“Meta Kaggle” Exploration by Adrian Liaw

Background

Kaggle is a platform for data prediction competitions, they call Kaggle “The home of data science”. There are hundreds of competitions out there, many of them are hosted by companies and have money as prizes, like Home Depot, Yelp and Airbnb. They also have a jobs board, where companies can offer data science jobs, and allow members in the Kaggle community to apply for them. If you’d like to learn more, please visit the About page.

Recently, Kaggle introduced the Kaggle Datasets, where you can find some high quality public datasets, like SF Salaries, Reddit Comments, US Baby Names. Kaggle also released their Meta Kaggle dataset, “The dataset on Kaggle, on Kaggle”. This dataset contains data about competitions, submissions, users, etc. on the Kaggle platform, and that’s what I’m going to explore.
Note: This dataset is not a complete dump, they’re just a small subset where some rows, columns, tables have been filtered by Kaggle.

Although the dataset is not a complete dump, it’s still pretty large. There’re 10 tables, but I’m only using 6 of them: Competitions, EvaluationAlgorithms, Submissions, TeamMemberships, Teams and Users, each of them has 239, 29, 934345, 68500, 59231, 365878 observations.

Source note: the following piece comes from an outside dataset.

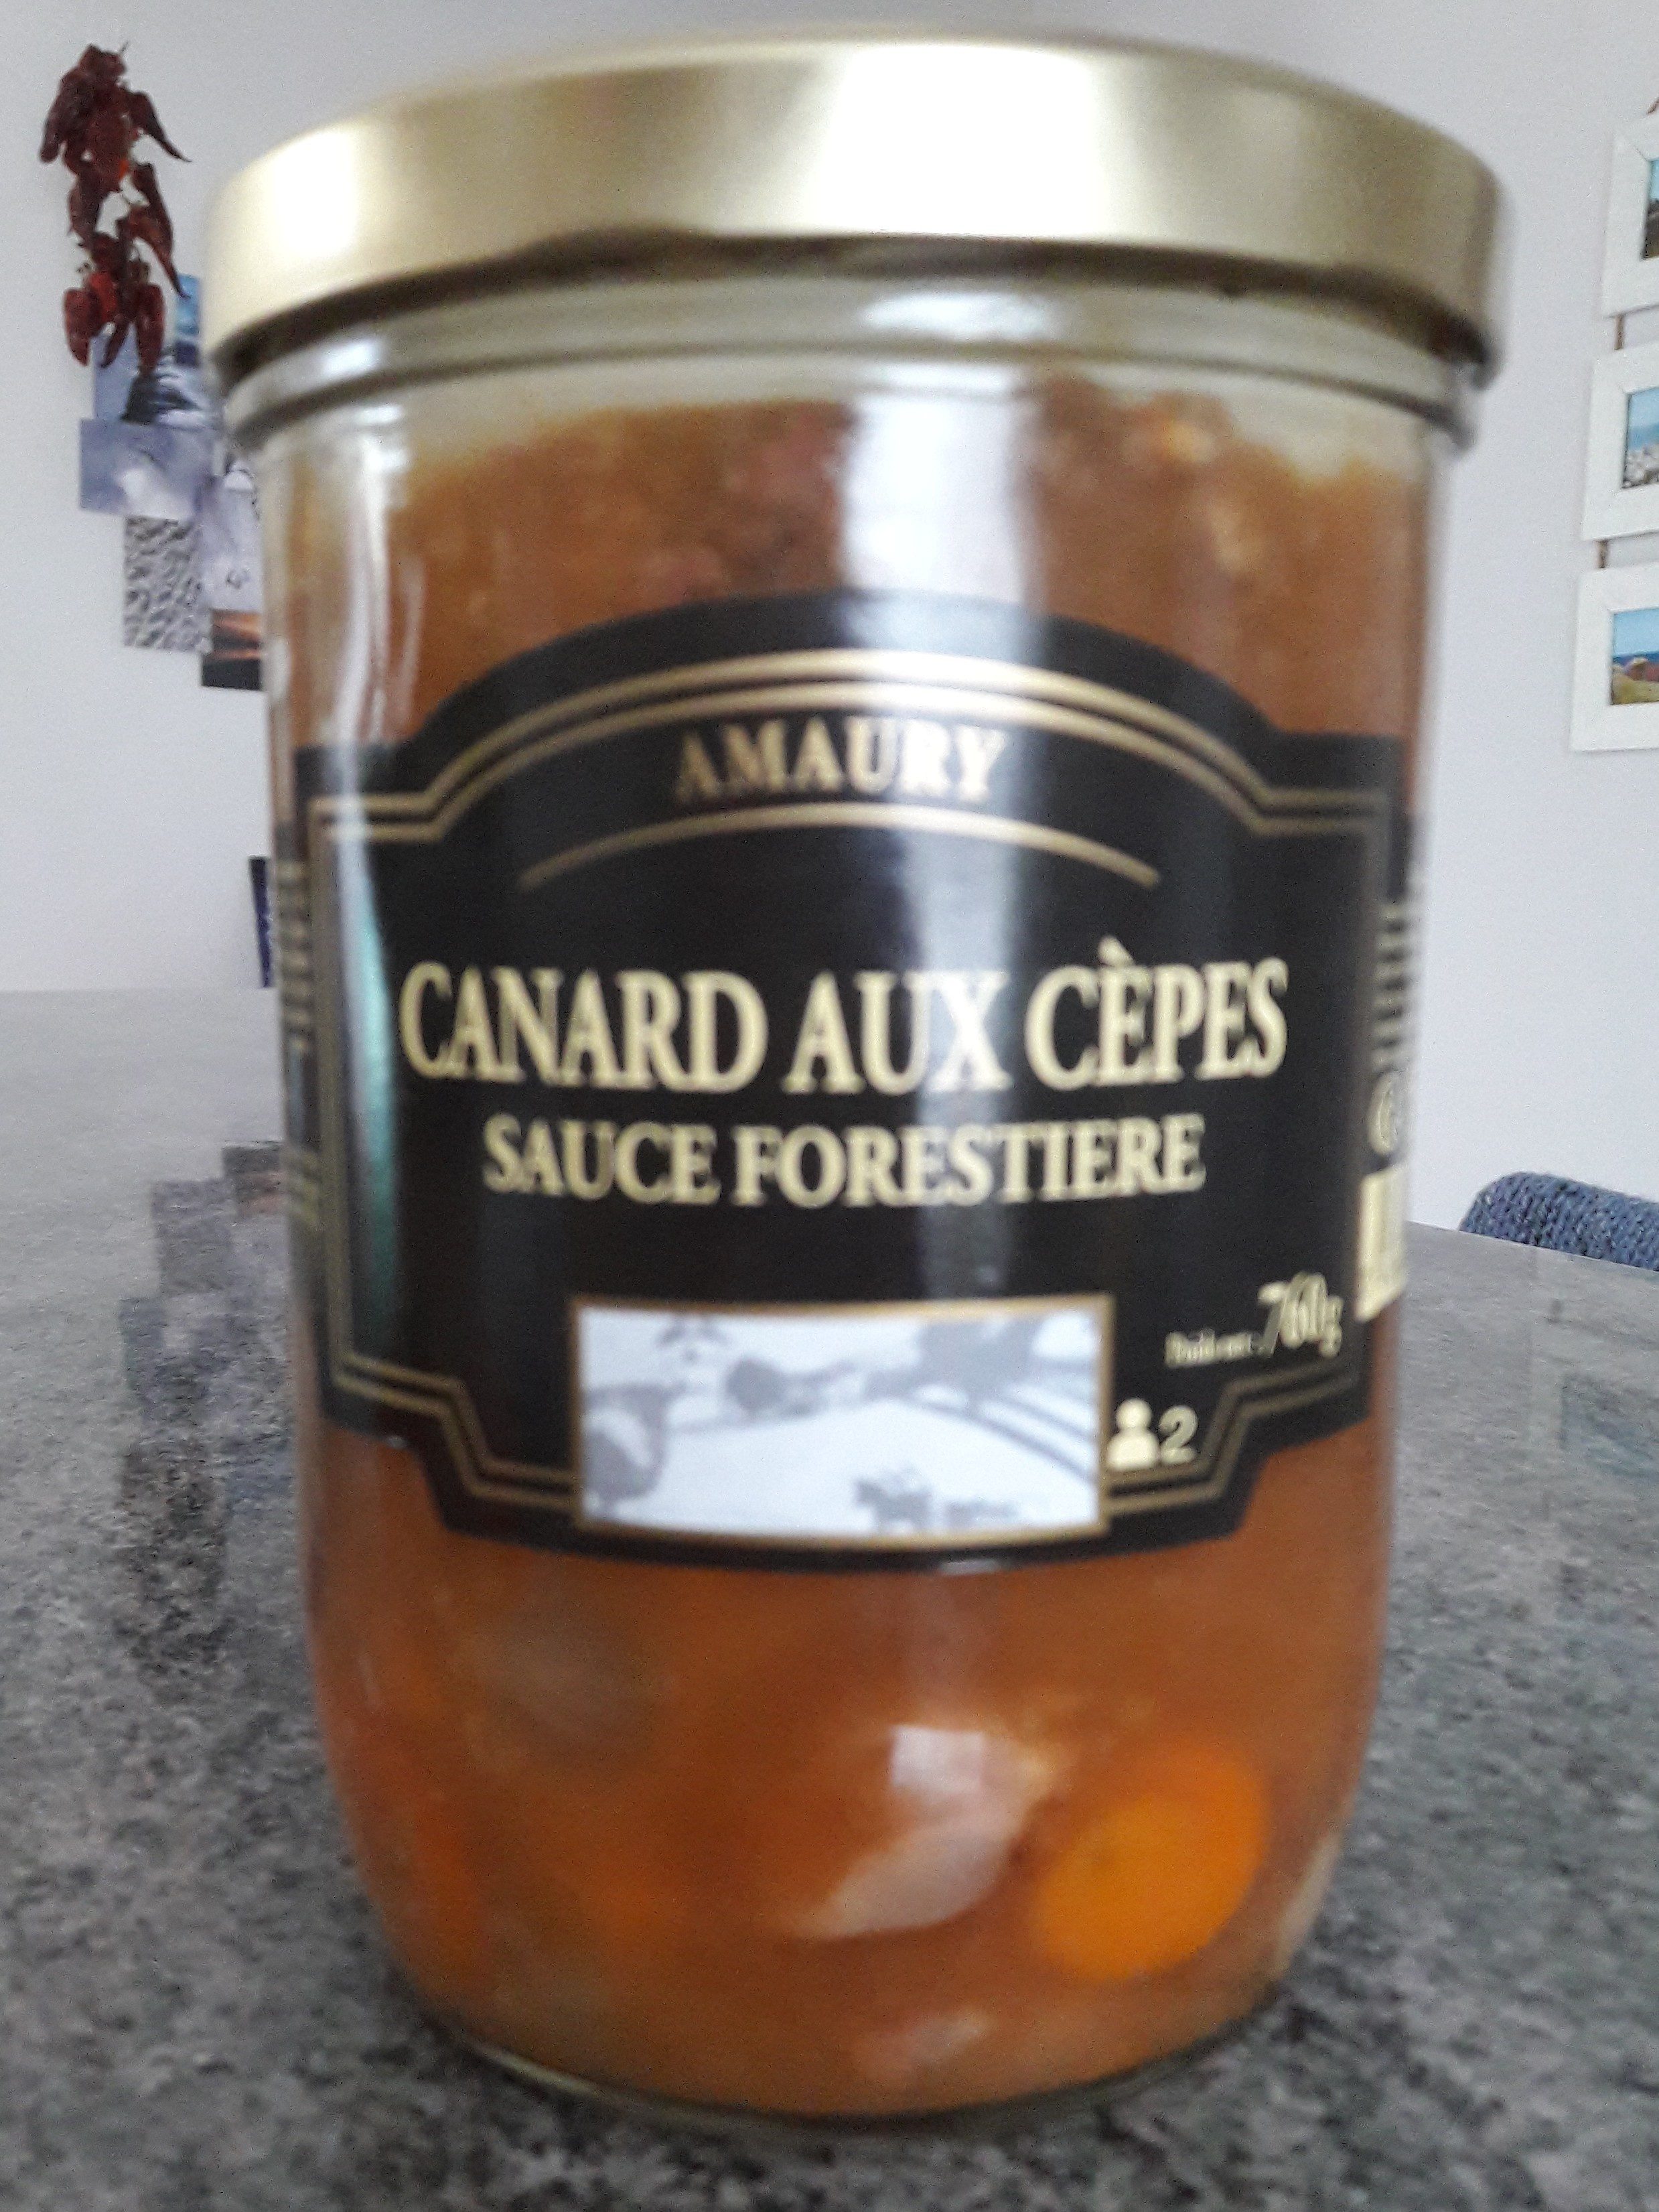 Canard Aux Cèpes - Sauce Forestière - Ingredients - fr

My analysis will focus on Competitions, Submissions, Teams and Users.

Univariate Plots Section

Let’s start with making a histogram of total points made by each user.

That doesn’t look pretty good, let’s apply log scale to the y axis.

It’s much better, it looks like a normal distrubution with a log scale.
Here are some descriptive statistics of points:

##     Min.  1st Qu.   Median     Mean  3rd Qu.     Max. 
##      1.7    143.6    295.9   1193.0    719.7 223600.0

Quantity of the competition reward (in USD):

Since there are only 239 competitions recorded in this dataset (and there’re actually more than 750 on Kaggle), we can’t really observe something really special only from this table.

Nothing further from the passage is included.